I cruised down the aisles and really picked up everything that caught my fancy and meshed with the theme of “Cookie Crisp” (I saw an ad on a YouTube video and was inspired). Here is what I settled on:
- Salted Carmel filled Pretzels
- Cottage cheese (they didn’t have pudding so I opted for the next best thing–it adds a flavor of YouTube “bro-ness” too)
- Two types of cereal–Bran and Chex for texture
- “It should be a food group” trail mix
- Quest Bar
- Mini Chocolate Chip Cookies
I definitely stepped up my game here but I still need to work on presentation:
With the bowl assembled, I dug in and enjoyed every last bite. I did have a bit of anxiety but I actually would say that this was a fun experience. It was fun to mix and match things and just let loose. My smile at the end was about the same as the bear on the spoon.

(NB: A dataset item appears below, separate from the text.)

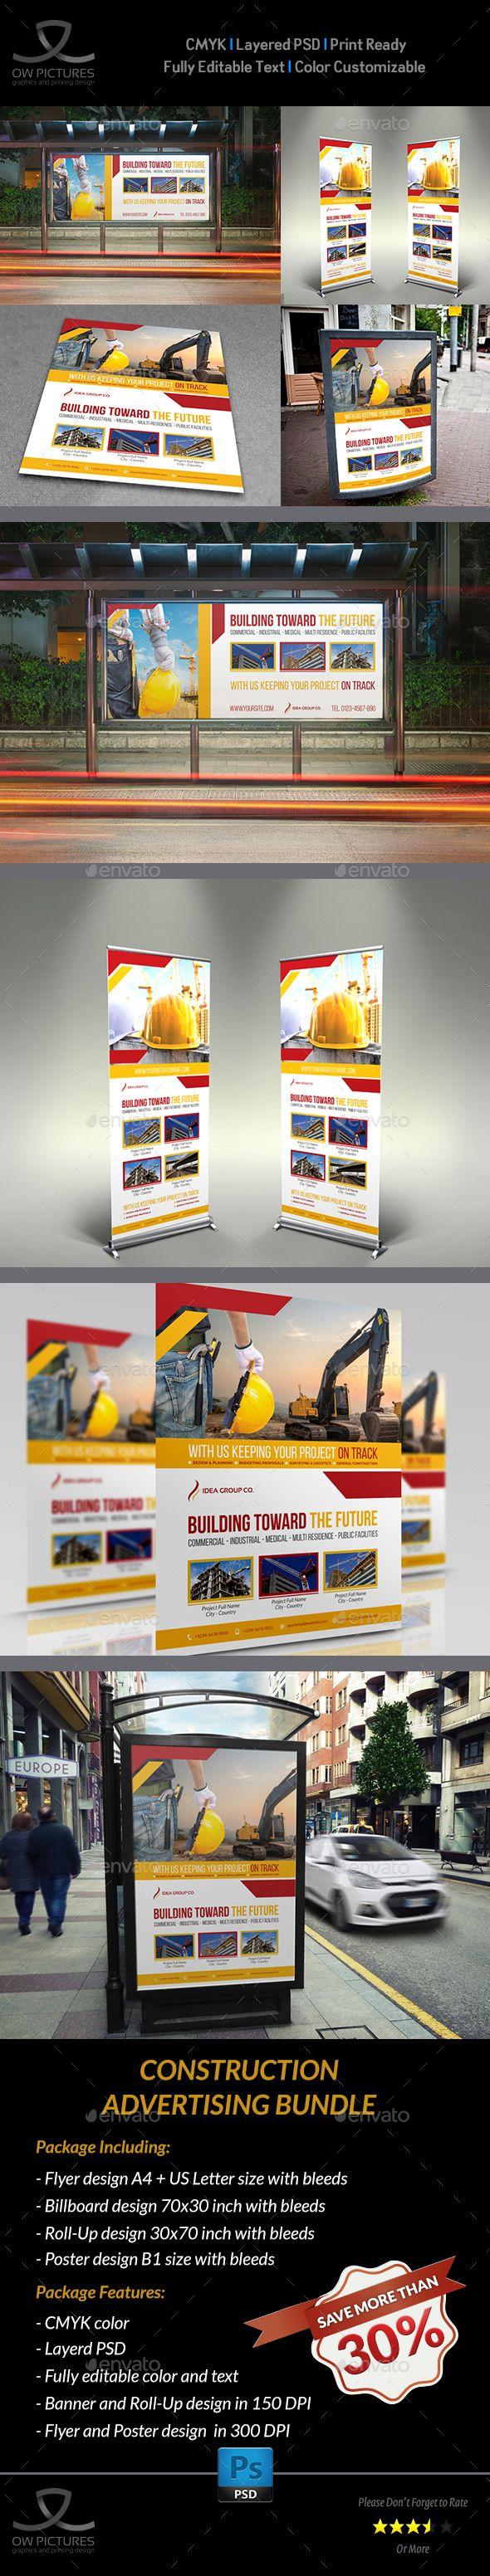 Poster design description - Construction Advertising Bundle Vol 5

I am going to do this a few more times a) because I actually found it fun and b) I still need to do this without a big workout before.
That second point is something I definitely need to work on. I feel like I do compensate a bit when I exercise. Let me be clear here though: I do not exercise to eat. I exercise because I love the feeling of my body when I exercise and my mental state and exploration that occurs when I train. BUT, I do feel like I can let loose after bigger workouts so that I can do these. However, I need to kick that crutch and tackle these head on without that crutch eventually.